Lastly, there must be a hearing conducted on the contempt charge. In this case, no hearing was ever conducted. After
receiving petitioners’ Compliance, Judge Cruz-Avisado immediately issued the 11 December 1999 Order. Petitioners
were not afforded full and real opportunity to be heard. Since a contempt charge partakes of the nature of a criminal
prosecution and follows the proceedings similar to criminal prosecution,judges must extend to the alleged contemnor
the same rights accorded to an accused.Judge Cruz-Avisado should have given petitioners their day in court and
considered the testimony and evidence petitioners might offer.
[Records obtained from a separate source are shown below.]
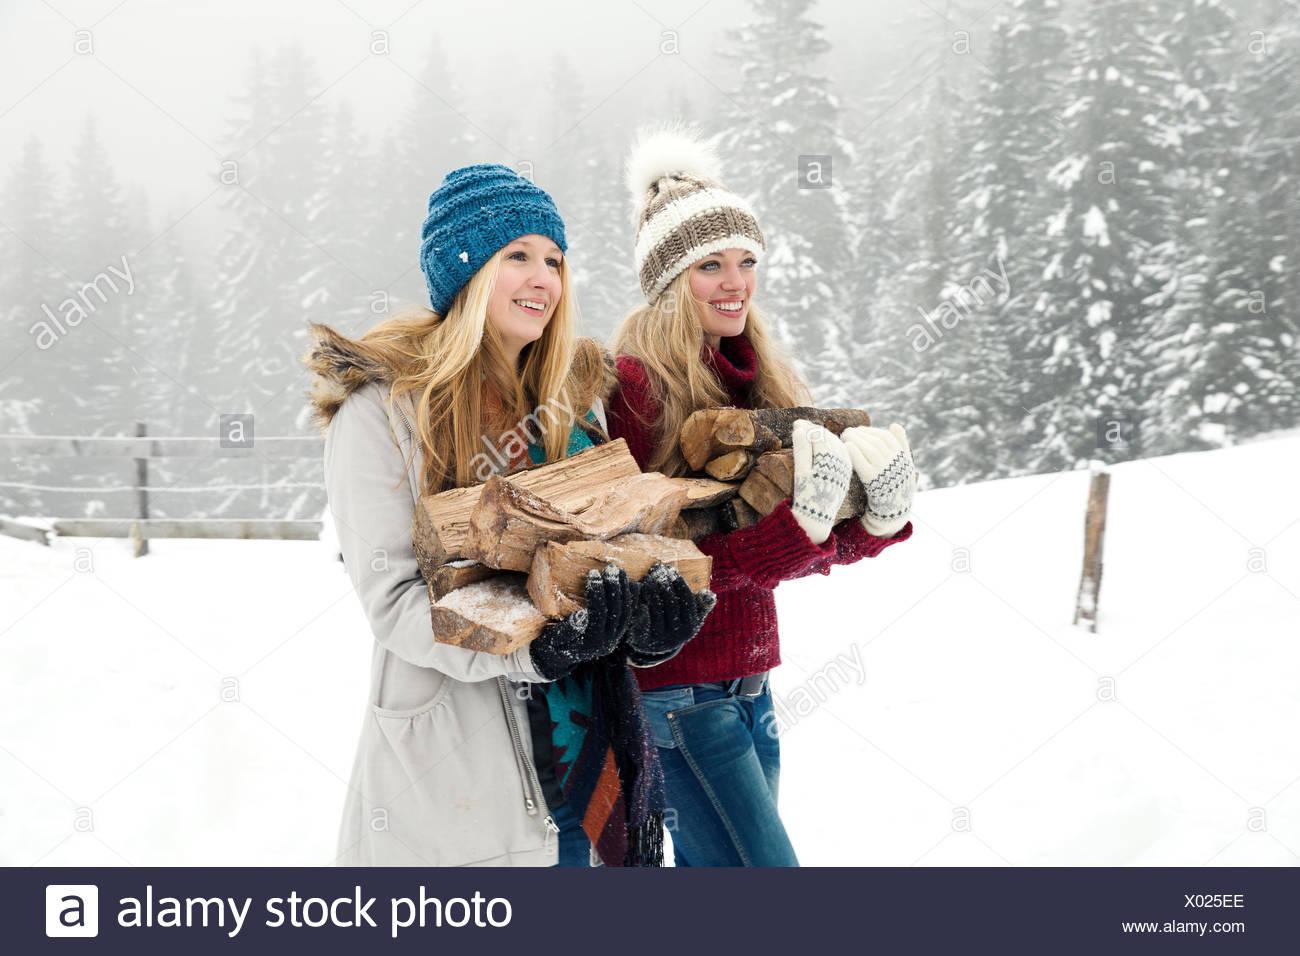 Dos amigas jóvenes que transportaban troncos con nieve mist Imagen De Stock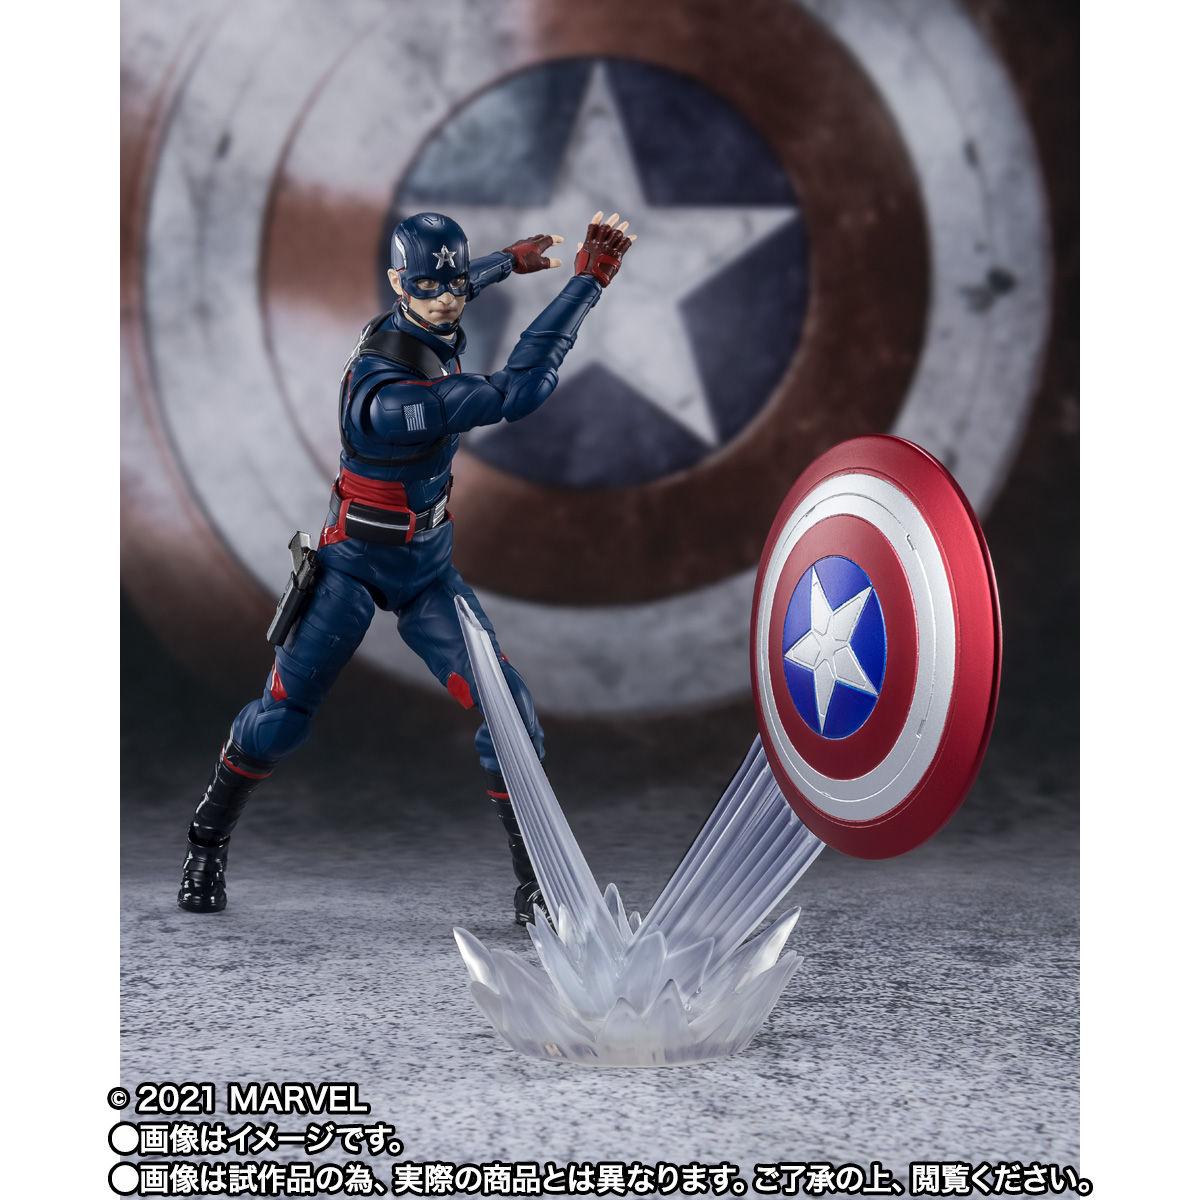 【限定販売】S.H.Figuarts『キャプテン・アメリカ(ジョン・ウォーカー)』ファルコン&ウィンター・ソルジャー 可動フィギュア-006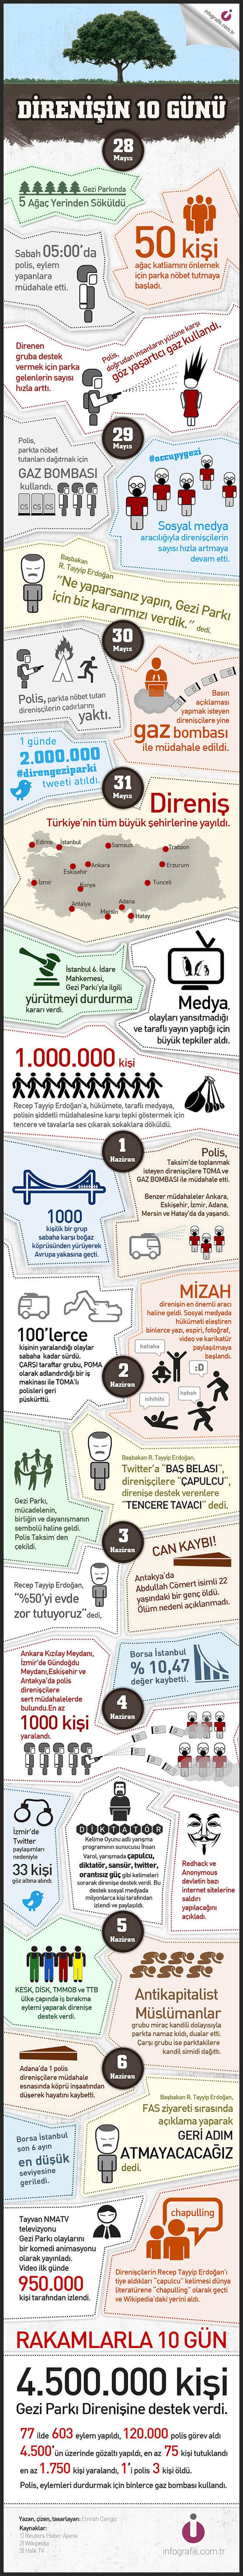 Sayılarla Gezi Parkı direnişi [infografik]

Proper Penalty for Indirect Contempt
Section 7, Rule 71 of the Rules of Court provides the penalty for indirect contempt. Section 7 of Rule 71 reads:
SEC. 7. Punishment for indirect contempt. - If the respondent is adjudged guilty of indirect contempt committed
against a Regional Trial Court or a court of equivalent or higher rank, he may be punished by a fine not
exceeding thirty thousand pesos or imprisonment not exceeding six (6) months, or both. x x x
Indeed, the Rules do not provide that reprimand and admonition may be imposed on one found guilty of indirect
contempt.
However, in Racines v. Judge Morallos,the Court, after finding Jaime Racines (Racines) guilty of indirect contempt,
merely reprimanded Racines because "he is not learned in the intricacies of law." Therefore, the courts may impose a
penalty less than what is provided under the Rules if the circumstances merit such.
In this case, if petitioners were found guilty of indirect contempt, Judge Cruz-Avisado may penalize them with
reprimand. However, since the proper procedure for indirect contempt was not followed, Judge Cruz-Avisado’s Orders
to reprimand Atty. Doctor, Jr. had no legal basis.
On the other hand, admonition is not a penalty but merely a warning.Judge Cruz-Avisado may admonish Lt. Gen.
Calimlim for the failure to comply with the RTC’s 4 November 1999 Order. Judge Cruz-Avisado may make such
admonition even in the absence of contempt proceedings.
Judges are reminded that the power to punish for contempt should be used sparingly and only in cases of clear and
contumacious refusal to obey should the power be exercised. The power to punish for contempt must also be used with
due regard to the provisions of the law and the constitutional rights of the individual.